Lyrics reflect on matters of the heart. As such, they often suggest a larger Story context. MacColl’s rumination on his lover’s face clearly reflects a powerful experience, but we know little about it. There is actually a back story involving singer Peggy Seeger, but the lyric’s focus on pure passion has no need for such matters.
Reading a Lyric Poem
Roberta Flack in a Clint Eastwood film. You can handle that, right? But what about a passionate lyric from the 17th Century? Sound scary? Many people feel intimidated by the prospect of reading a poem. They remember some English teacher nattering on about symbolic meanings that they can’t see.

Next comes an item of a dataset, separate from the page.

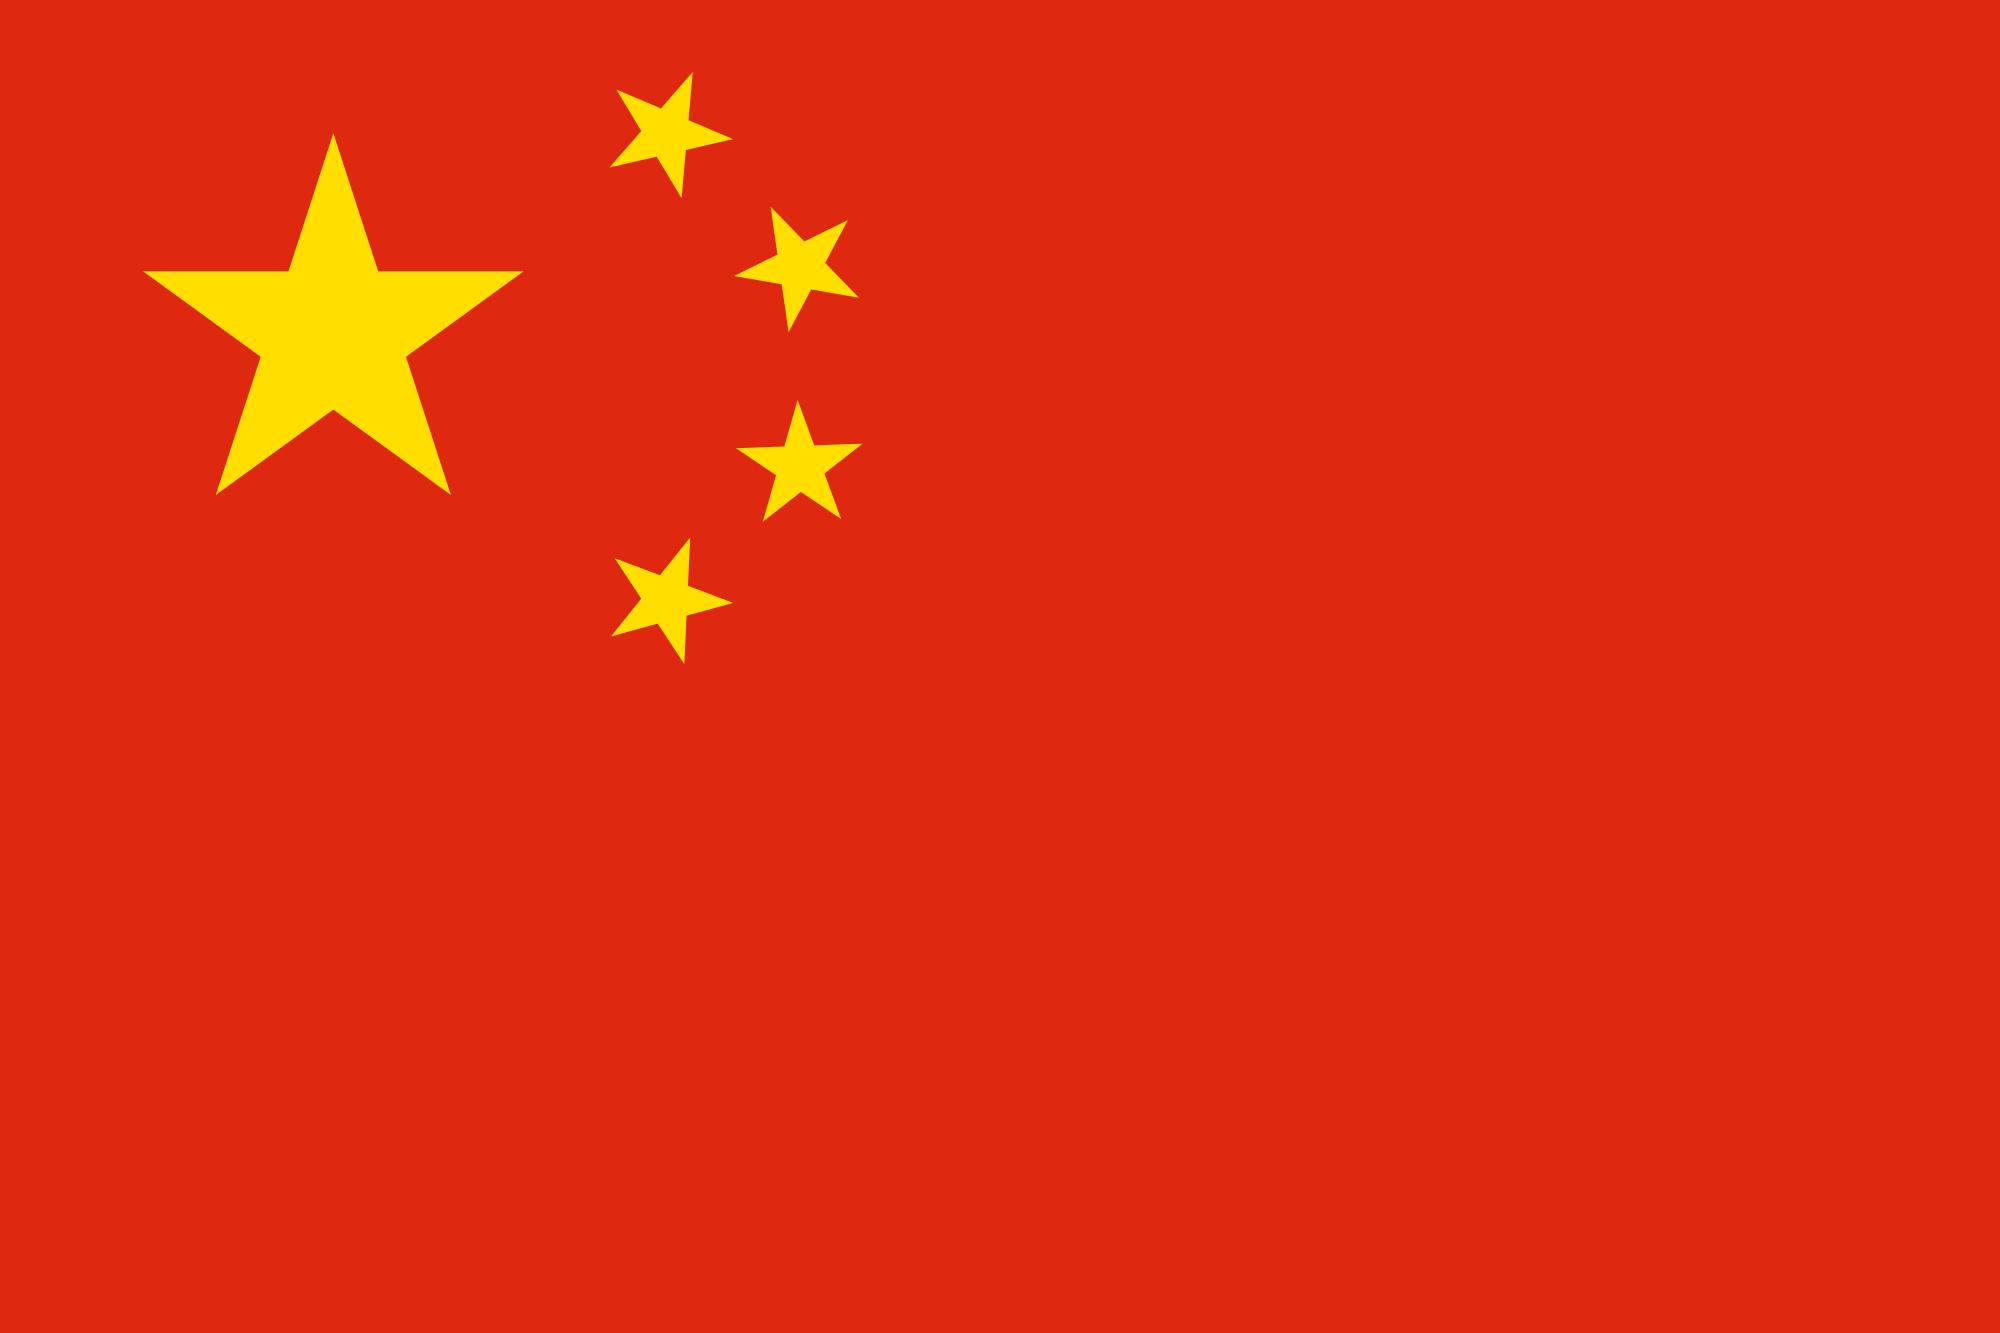 Китаец върна 175 милиона долара и за награда получи кутия цигари

What if I told you that you could learn to make sense of poems? It’s actually not that hard, especially if you use a common sense approach:
1. Read the poem out loud, listening for and feeling its rhythms and patterns of sound.
2. Read the plain sense of the poem: who is talking to whom about what?
3. Track patterns of sense and meaning that suggest deeper signification: i.e. themes.
Andrew Marvell. (1681). The Fair[1] Singer.
To make a final conquest of all me,
Love did compose so sweet an enemy,
In whom both beauties to my death agree,
Joining themselves in fatal harmony;
That while she with her eyes my heart does bind,
She with her voice might captivate my mind.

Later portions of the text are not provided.